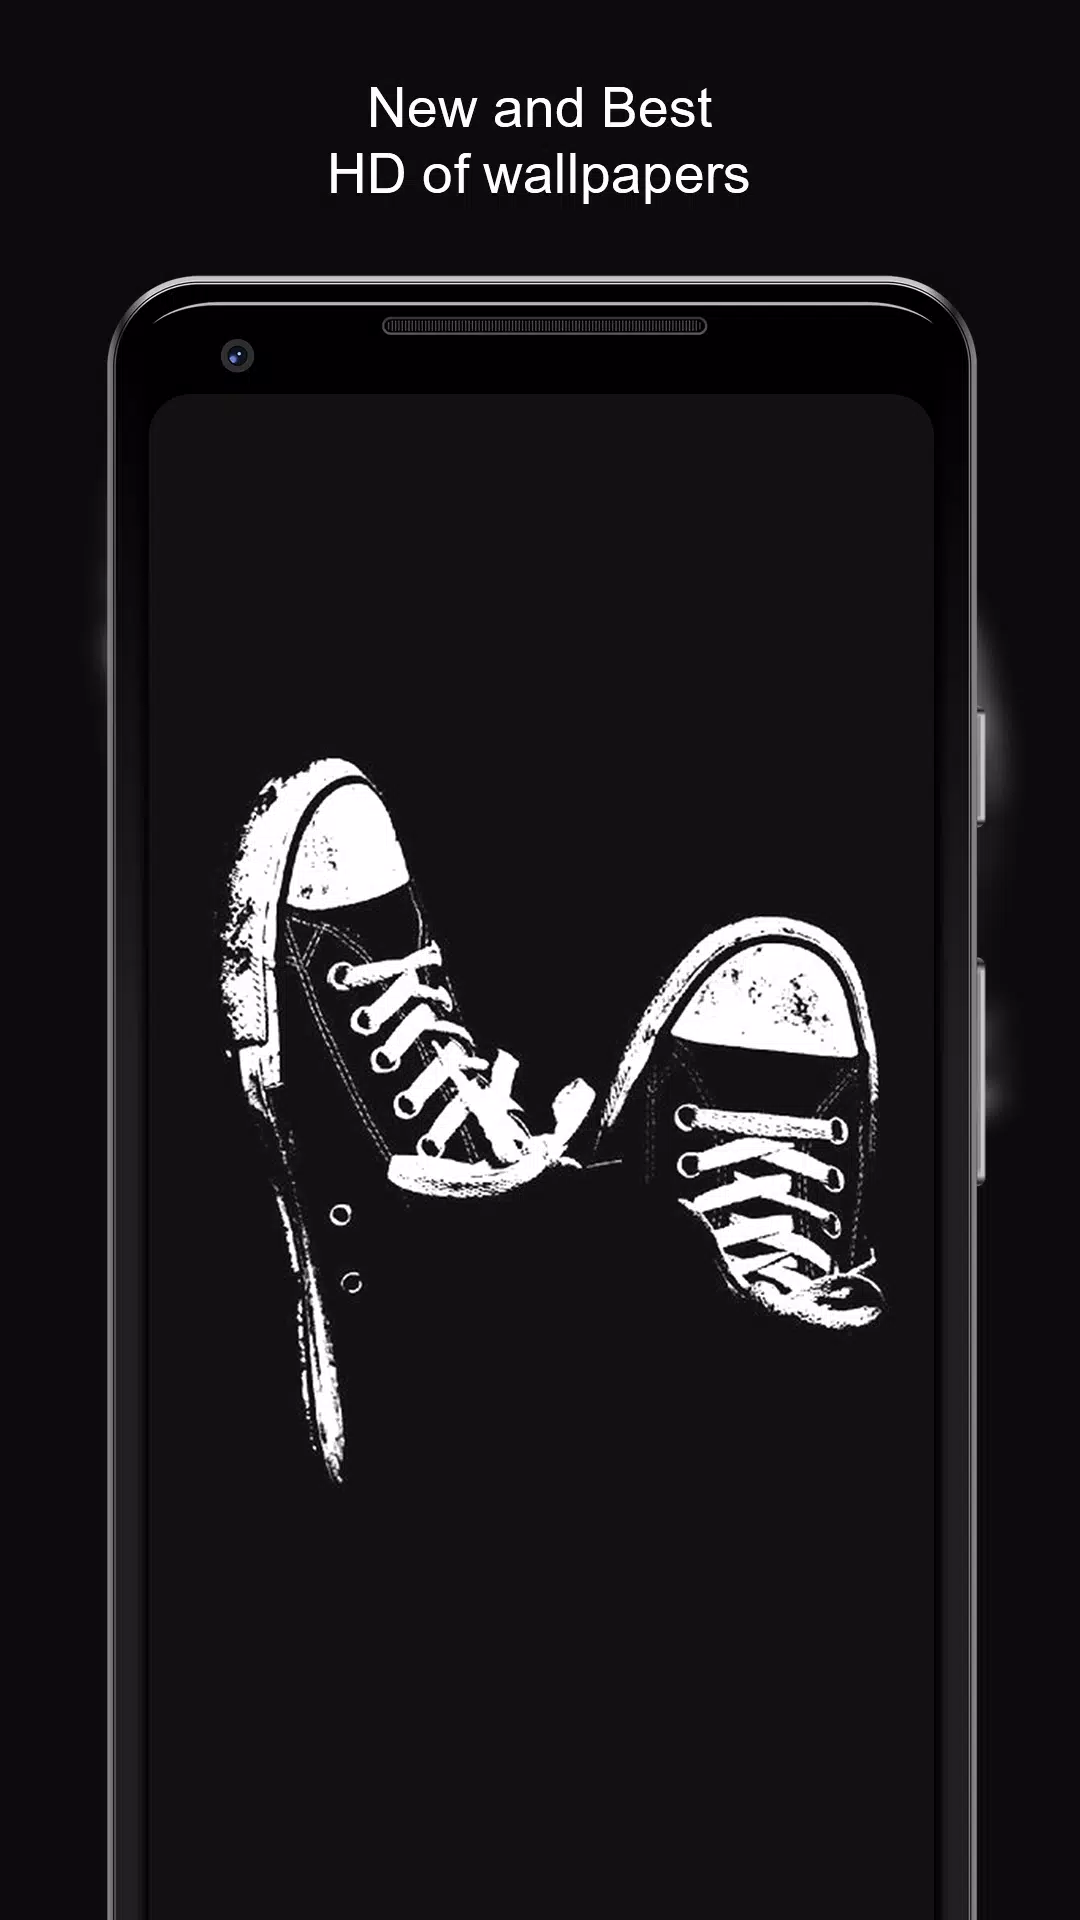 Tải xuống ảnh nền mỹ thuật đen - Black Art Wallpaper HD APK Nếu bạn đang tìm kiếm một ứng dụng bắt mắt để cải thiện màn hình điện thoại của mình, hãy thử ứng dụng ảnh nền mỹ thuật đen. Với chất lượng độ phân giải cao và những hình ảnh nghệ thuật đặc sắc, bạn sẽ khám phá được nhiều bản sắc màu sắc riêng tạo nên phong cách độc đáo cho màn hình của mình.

===

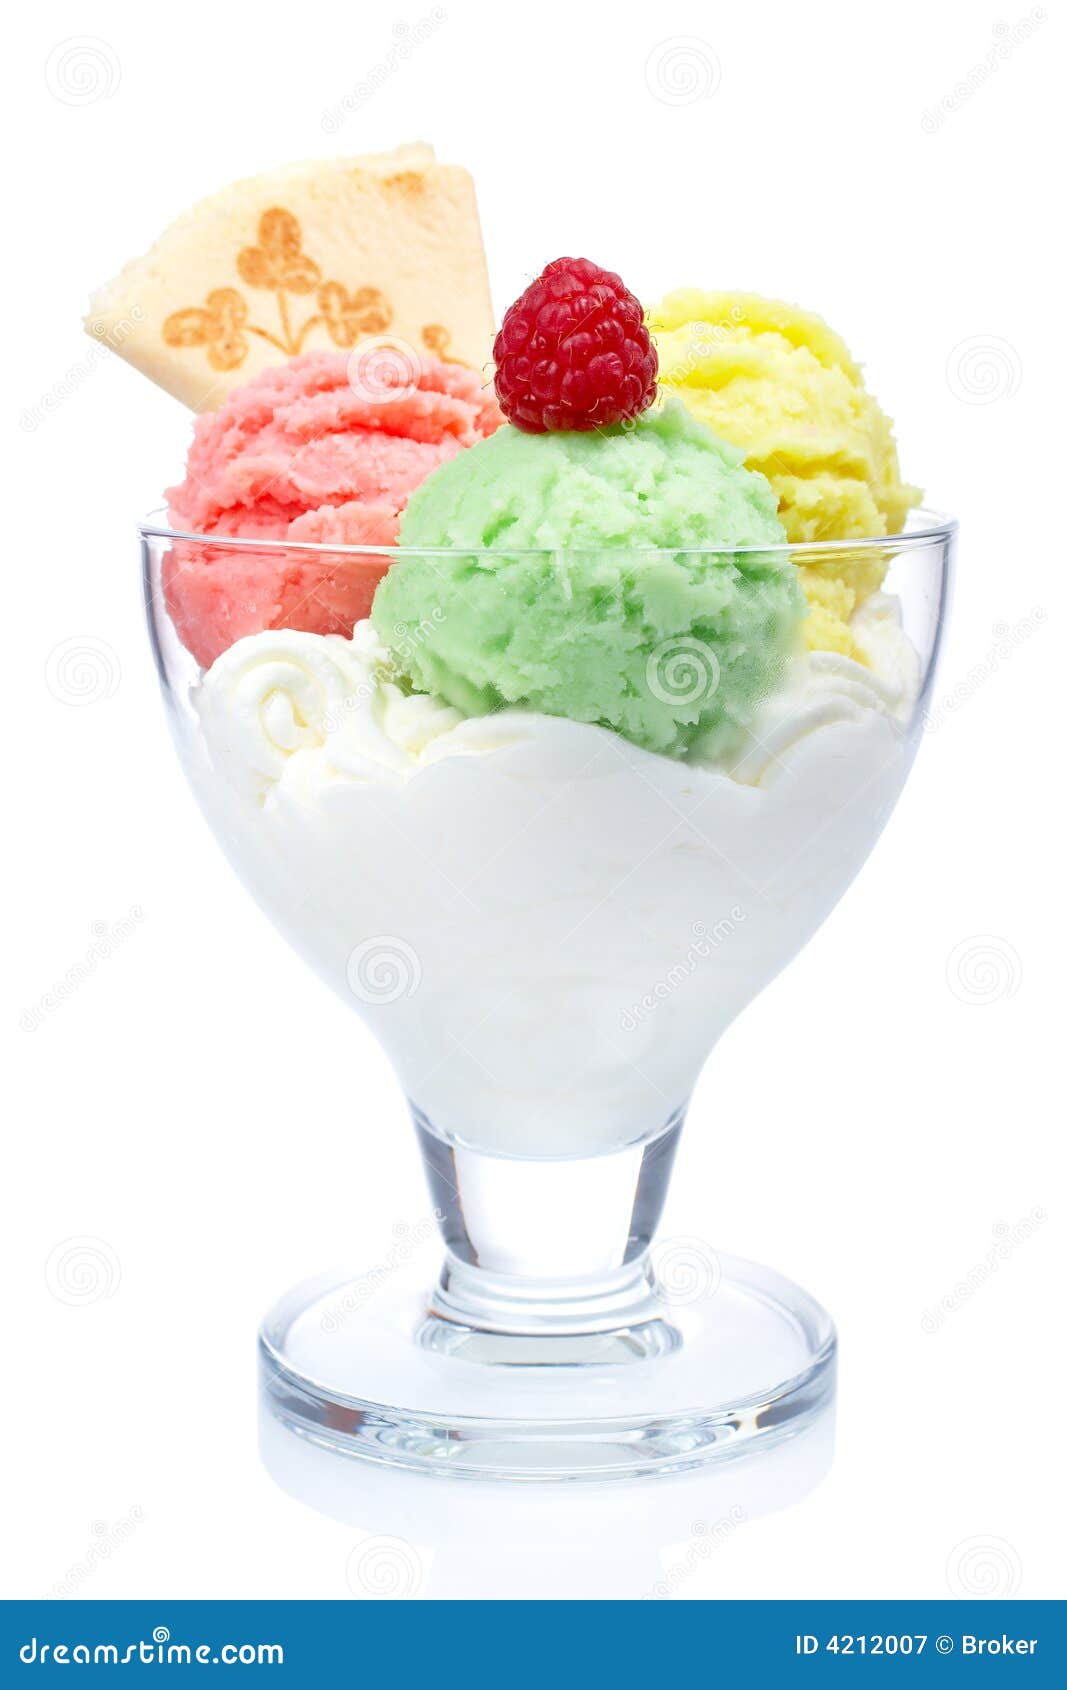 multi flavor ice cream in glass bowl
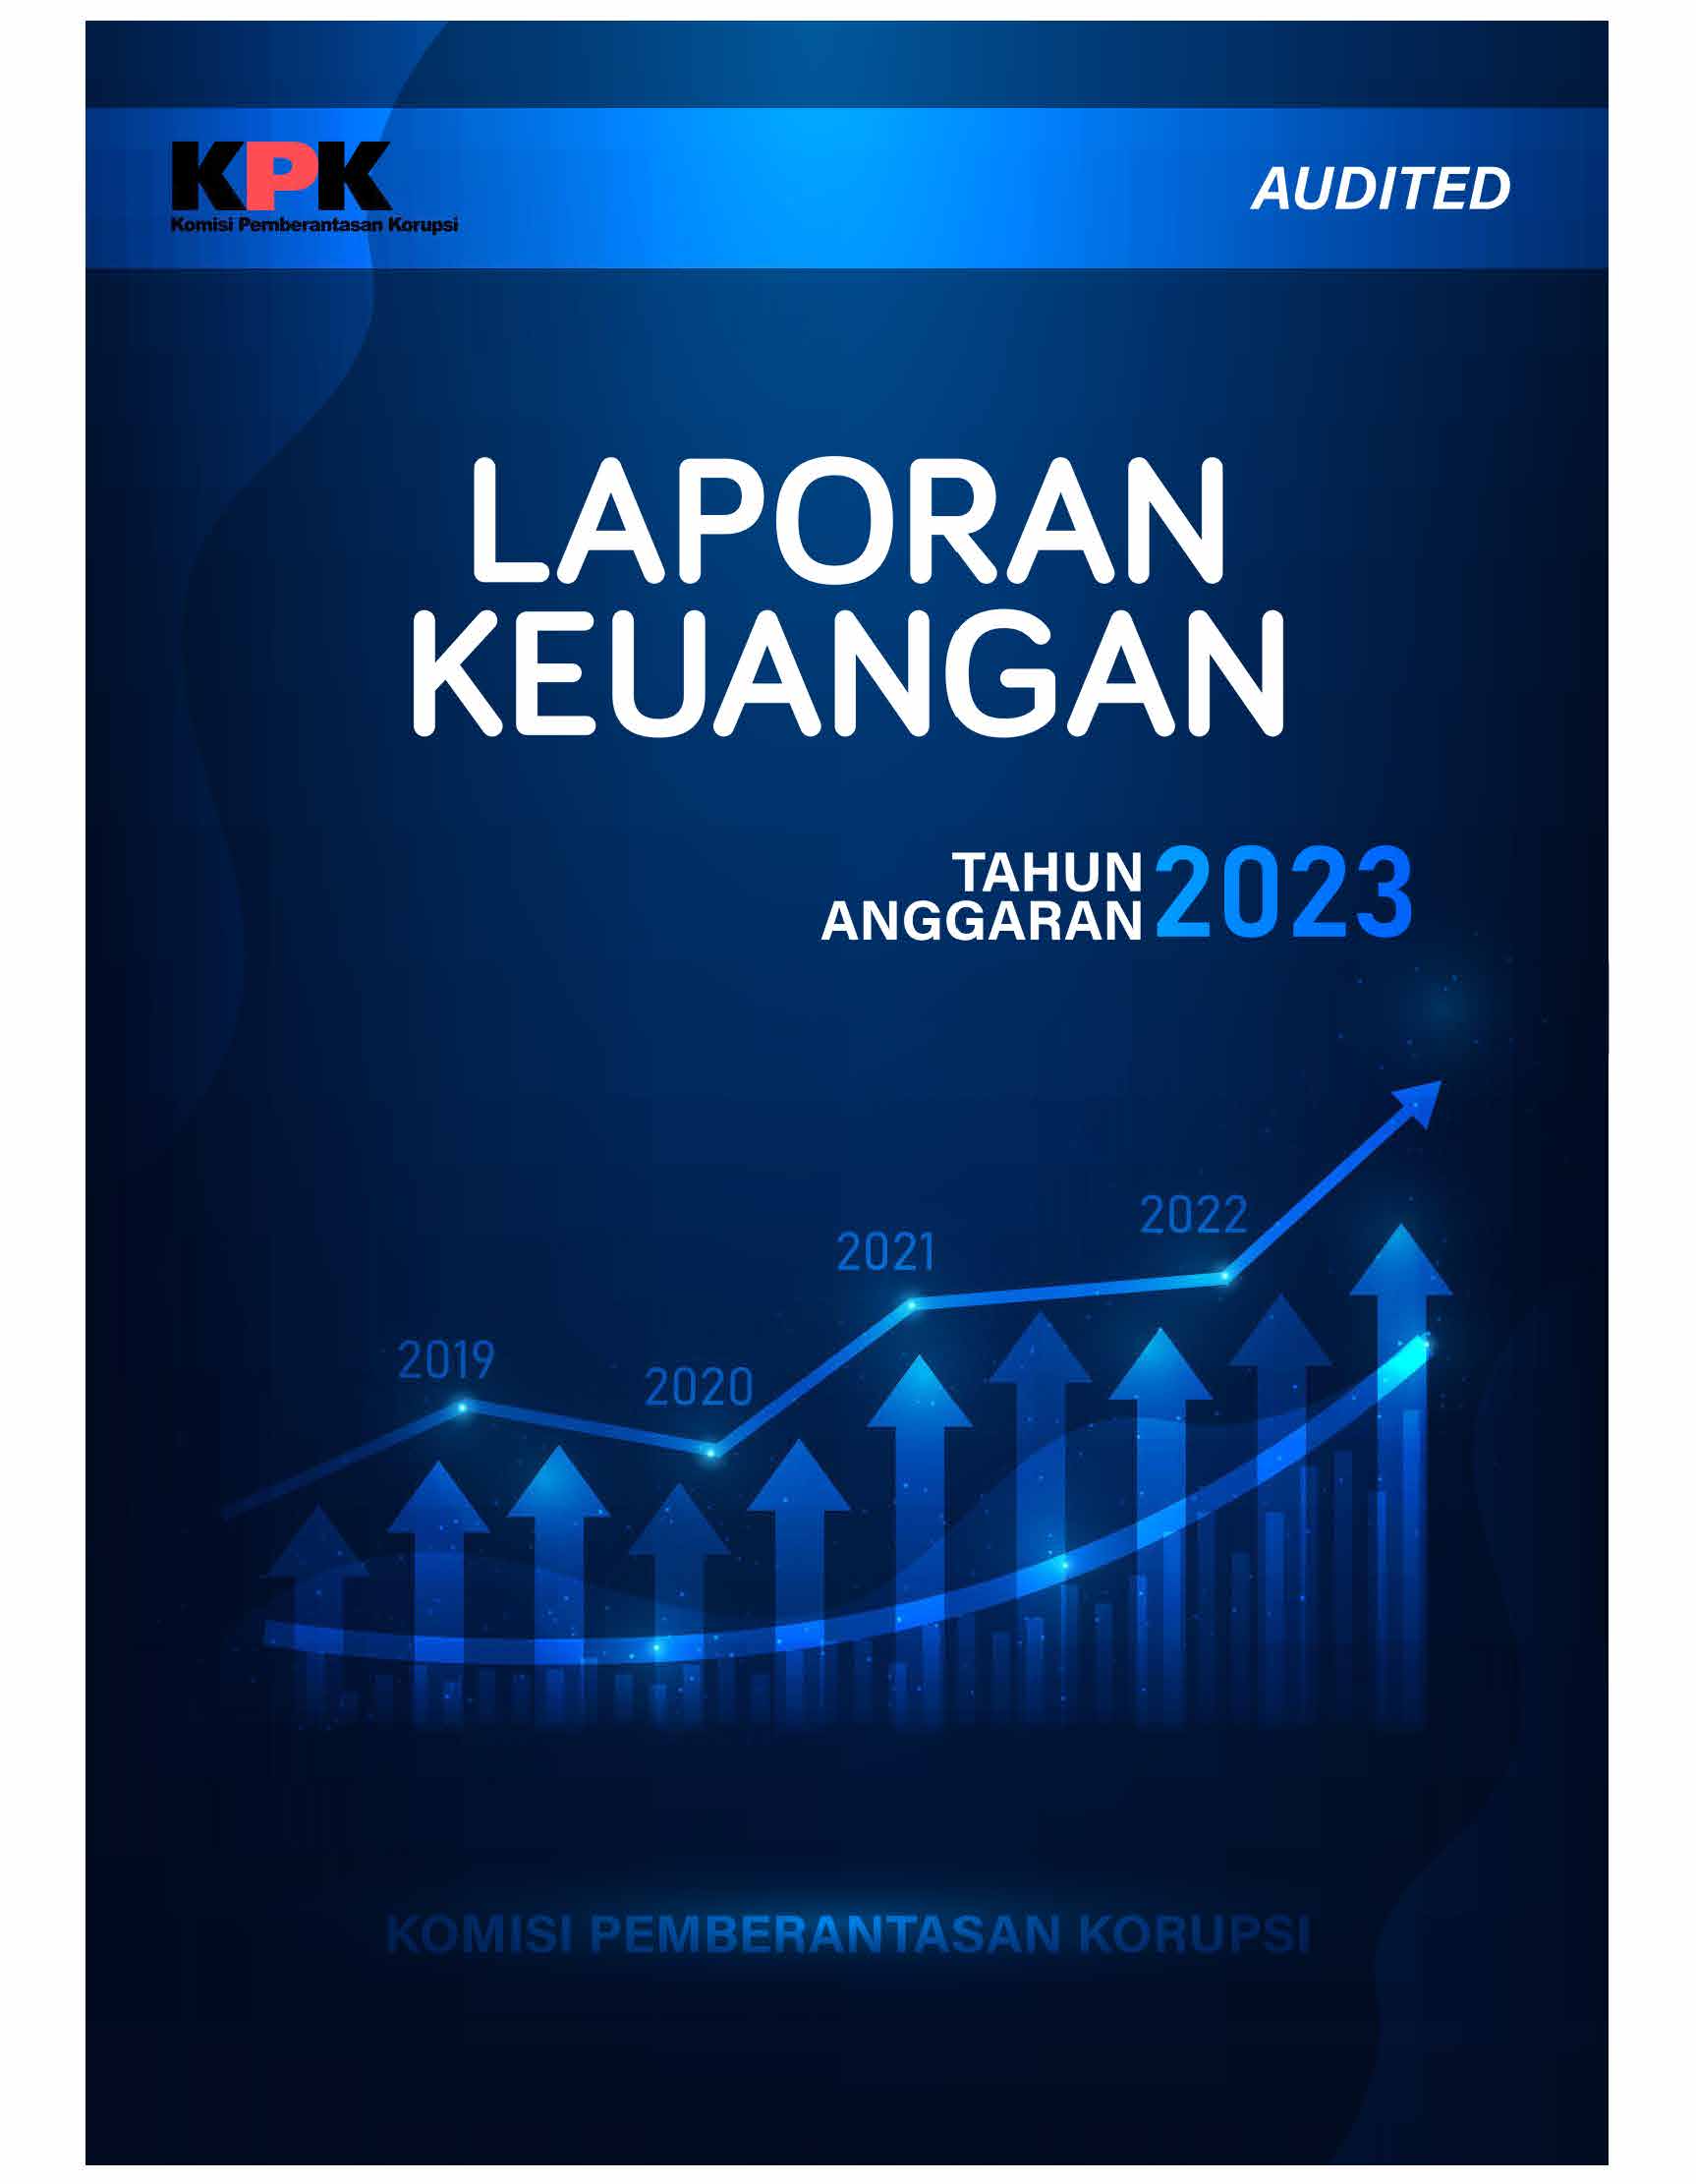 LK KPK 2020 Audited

===

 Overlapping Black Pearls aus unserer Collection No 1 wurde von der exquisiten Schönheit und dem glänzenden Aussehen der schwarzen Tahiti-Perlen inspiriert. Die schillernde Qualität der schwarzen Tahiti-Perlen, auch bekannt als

===

### [Exercise]
When you reach the line that has "multi flavor ice cream in glass bowl" in the data above, start repeating lines exactly, and stop after the line that has "LK KPK 2020 Audited"; pictures stay out.

### [Response to the exercise]
 multi flavor ice cream in glass bowl
 LK KPK 2020 Audited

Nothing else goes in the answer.